1998 – In their day, the 68040-based PowerBook 500 series and PowerBook 190 were very nice machines, but in the PowerPC era, was it time to replace them?
Should I Upgrade or Replace My PowerBook 520c?
CW writes: I have a PowerBook 520c that won’t start up. Should I bother having it fixed? Is there anything I can do to fix it? I suspect it’s a PRAM battery problem. Once it starts up, what should I do about the 12 MB of RAM, 160 MB hard drive, and lack of OS 8? Should I try to get a PowerPC 603 processor for it?
Mac Daniel writes: Your 520c is worth around $500 in working condition (maybe more – those PowerBooks really hold value). At least get an estimate on the repair. Better to fix it and sell it than take a complete loss.
At this point, I’d recommend against a 603 upgrade, especially with the limited RAM and hard drive. Total cost of making it a workhorse is prohibitive.
I’d look into selling the 520c and then getting a close-out PowerBook 1400/133. With a 133 MHz 603 processor, 128 KB cache, 800 x 600 color screen, and large hard drive, it’s a lot more computer than you’d get by upgrading your 520c. With the 1400/133 selling in the $1,100 range (when you can find them), it looks like a much better long term solution than upgrading your older PowerBook.
Should I Upgrade my PB 190, Performa 6200, or …?
I really don’t need to get a G3, because I am a college student. I found out that I can bump up my Performa from 66 MHz to 180 MHz for around $300-$400. I know that my PowerBook, which I got for a mere $600 new, can be upgraded to a 120 MHz PPC and color screen. It should feel and run like 5300c. I need the computer to do some net surfing, word processing, PowerPoint, and to run Mathematica.
For the long run should I instead go for a used Power Mac of some sort?

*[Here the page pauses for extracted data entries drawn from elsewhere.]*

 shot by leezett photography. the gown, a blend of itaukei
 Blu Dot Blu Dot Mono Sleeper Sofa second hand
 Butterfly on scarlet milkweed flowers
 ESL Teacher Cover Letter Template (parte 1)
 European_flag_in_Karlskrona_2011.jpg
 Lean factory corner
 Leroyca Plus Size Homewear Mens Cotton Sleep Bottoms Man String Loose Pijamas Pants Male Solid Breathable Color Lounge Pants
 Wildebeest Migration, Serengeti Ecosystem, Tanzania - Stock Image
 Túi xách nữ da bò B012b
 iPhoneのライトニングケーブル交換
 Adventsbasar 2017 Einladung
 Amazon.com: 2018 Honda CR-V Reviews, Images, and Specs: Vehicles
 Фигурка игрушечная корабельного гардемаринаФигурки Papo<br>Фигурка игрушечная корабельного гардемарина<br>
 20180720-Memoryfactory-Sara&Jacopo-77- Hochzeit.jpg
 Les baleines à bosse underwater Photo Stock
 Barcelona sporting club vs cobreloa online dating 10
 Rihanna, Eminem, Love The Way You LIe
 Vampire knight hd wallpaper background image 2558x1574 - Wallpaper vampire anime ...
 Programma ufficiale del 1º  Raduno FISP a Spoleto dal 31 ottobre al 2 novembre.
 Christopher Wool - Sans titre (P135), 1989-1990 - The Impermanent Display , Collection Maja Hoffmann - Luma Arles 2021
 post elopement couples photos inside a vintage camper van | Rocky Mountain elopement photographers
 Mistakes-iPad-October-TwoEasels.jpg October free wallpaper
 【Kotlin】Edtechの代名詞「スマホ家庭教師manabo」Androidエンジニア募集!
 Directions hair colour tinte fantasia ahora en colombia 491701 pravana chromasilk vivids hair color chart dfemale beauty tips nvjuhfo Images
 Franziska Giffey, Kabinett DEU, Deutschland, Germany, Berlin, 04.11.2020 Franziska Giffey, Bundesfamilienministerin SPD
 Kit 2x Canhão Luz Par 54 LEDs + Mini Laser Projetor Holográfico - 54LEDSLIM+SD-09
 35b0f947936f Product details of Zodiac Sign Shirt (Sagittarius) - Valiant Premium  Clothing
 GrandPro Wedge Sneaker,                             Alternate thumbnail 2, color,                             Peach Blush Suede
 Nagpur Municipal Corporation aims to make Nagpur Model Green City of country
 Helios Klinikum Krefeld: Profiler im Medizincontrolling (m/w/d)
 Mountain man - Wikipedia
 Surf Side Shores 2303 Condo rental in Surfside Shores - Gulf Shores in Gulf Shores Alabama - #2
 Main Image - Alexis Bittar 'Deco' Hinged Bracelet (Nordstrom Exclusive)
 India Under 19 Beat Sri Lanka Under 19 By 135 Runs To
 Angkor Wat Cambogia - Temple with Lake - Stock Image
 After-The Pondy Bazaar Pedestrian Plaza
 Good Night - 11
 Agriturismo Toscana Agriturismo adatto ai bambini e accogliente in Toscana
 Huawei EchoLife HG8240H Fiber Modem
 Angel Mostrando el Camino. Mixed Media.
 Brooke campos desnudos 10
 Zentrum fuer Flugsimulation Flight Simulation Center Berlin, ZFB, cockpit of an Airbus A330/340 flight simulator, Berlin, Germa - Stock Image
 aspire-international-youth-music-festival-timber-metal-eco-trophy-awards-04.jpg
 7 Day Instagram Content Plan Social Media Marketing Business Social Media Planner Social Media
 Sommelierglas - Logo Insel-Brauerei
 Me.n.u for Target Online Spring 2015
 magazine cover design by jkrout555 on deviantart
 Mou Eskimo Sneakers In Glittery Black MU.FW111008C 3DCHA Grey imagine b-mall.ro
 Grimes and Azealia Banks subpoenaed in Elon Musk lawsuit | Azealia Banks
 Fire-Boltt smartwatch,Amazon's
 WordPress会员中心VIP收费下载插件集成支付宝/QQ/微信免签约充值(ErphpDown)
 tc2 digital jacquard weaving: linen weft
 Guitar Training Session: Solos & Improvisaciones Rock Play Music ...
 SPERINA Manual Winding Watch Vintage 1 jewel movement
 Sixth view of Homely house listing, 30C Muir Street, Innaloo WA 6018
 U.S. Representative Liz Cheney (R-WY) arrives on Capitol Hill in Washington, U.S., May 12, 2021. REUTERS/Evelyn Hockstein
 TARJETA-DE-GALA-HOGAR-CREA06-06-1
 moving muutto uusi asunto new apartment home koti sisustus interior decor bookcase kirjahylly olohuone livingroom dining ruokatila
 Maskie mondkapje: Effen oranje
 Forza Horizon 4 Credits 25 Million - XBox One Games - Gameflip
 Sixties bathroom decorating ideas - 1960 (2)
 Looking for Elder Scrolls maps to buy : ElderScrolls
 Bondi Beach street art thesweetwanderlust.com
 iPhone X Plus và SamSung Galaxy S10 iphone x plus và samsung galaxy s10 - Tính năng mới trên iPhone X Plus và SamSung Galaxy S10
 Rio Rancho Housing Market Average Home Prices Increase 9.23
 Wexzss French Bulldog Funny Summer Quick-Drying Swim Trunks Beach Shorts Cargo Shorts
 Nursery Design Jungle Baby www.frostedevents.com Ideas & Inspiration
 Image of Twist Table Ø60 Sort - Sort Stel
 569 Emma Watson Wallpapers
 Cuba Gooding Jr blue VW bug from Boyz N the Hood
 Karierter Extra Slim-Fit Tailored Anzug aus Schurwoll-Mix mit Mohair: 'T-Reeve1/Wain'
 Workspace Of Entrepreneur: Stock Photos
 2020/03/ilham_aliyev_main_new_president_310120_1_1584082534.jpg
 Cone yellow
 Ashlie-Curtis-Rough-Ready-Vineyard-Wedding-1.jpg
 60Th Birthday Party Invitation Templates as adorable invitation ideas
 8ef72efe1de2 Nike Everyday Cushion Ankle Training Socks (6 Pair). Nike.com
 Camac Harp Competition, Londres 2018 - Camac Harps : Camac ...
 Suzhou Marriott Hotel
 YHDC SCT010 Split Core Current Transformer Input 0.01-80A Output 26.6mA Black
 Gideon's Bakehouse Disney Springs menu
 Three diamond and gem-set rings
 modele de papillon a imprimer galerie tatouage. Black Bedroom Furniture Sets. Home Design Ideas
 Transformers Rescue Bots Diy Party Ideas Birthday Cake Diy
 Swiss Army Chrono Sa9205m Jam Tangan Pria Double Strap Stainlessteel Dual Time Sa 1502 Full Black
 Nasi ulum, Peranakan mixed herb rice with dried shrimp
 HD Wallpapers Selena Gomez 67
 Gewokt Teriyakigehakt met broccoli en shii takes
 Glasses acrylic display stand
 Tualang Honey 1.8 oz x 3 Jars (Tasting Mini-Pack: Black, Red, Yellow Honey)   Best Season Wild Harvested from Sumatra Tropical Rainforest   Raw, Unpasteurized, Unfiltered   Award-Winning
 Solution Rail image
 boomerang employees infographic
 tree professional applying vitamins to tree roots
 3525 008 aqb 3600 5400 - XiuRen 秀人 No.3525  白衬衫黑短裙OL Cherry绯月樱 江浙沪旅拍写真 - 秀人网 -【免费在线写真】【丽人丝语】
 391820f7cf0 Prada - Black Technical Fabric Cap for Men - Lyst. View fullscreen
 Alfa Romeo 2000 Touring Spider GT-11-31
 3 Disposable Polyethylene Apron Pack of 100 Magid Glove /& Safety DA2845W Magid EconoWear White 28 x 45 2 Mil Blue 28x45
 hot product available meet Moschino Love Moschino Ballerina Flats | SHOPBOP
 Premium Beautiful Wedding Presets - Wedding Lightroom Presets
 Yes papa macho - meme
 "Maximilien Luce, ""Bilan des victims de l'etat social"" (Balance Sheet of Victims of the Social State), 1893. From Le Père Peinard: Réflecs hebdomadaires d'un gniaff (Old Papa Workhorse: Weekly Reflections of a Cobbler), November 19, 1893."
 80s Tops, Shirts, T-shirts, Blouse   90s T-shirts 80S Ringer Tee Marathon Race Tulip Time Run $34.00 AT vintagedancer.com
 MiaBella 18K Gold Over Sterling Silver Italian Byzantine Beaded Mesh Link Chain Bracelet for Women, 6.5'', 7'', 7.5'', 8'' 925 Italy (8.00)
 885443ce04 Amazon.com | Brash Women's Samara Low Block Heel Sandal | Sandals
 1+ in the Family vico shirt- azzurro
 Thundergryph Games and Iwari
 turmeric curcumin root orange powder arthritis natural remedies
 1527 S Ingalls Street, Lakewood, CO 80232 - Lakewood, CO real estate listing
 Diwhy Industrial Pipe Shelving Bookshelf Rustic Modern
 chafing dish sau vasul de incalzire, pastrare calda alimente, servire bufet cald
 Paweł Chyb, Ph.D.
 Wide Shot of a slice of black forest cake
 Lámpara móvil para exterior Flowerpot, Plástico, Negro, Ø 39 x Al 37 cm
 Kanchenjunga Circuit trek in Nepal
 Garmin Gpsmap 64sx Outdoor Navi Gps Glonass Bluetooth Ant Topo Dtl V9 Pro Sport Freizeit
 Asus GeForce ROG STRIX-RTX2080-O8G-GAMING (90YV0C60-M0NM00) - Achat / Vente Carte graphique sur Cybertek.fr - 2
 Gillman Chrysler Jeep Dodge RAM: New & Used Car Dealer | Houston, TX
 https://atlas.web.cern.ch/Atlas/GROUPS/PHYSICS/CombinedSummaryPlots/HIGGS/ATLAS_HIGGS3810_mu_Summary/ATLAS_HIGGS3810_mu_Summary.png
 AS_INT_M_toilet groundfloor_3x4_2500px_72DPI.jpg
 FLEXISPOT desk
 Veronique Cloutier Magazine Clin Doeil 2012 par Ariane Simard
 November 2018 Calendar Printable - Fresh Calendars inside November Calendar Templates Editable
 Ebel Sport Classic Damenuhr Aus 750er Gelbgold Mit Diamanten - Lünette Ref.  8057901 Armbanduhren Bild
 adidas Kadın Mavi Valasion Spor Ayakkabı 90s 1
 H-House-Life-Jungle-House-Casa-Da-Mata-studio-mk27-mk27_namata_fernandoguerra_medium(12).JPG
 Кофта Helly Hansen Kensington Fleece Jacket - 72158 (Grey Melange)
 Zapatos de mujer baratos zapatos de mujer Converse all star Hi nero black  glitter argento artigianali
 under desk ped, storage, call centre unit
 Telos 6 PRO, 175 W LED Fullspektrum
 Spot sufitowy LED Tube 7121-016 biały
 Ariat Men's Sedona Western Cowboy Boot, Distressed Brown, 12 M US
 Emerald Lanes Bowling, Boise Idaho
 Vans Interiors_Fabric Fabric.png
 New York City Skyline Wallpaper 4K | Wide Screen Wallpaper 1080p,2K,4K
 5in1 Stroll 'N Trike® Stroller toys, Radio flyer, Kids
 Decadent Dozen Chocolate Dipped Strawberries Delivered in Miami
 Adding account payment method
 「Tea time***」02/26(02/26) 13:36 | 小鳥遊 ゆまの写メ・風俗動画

I am trying to spend over $700. Another option would be to get rid of them both, which after a few tears I could do.
Mac Daniel writes: I’d lean toward a PowerPC laptop, such as the PowerBook 1400. I really like the idea of portability. Something you can use for notes in the classroom, research in the library, and anywhere else is very attractive for a student.
I haven’t followed the used and close-out PowerBook market closely, but I have heard there are deals on the PB 1400 at around $1,000-1,300. Avoid the 117 MHz model, since it has no cache, which makes it slower than the 133 MHz and 166 MHz models, which are very competent performers. Also, any 1400 can be upgraded with a G3 processor.
The 800 x 600 screen is a real improvement over the 640 x 480 on your PowerBook 190. Best of all, the 1400/133 or 1400/166 would offer over twice the performance of your 6200.
Used PowerBooks hold their value quite well. You could probably sell your 190 for at least $500, keeping any PC Cards you may have for use in the 1400. If you sold both your PowerBook and your Performa, you should easily cover most of the cost of the new PowerBook.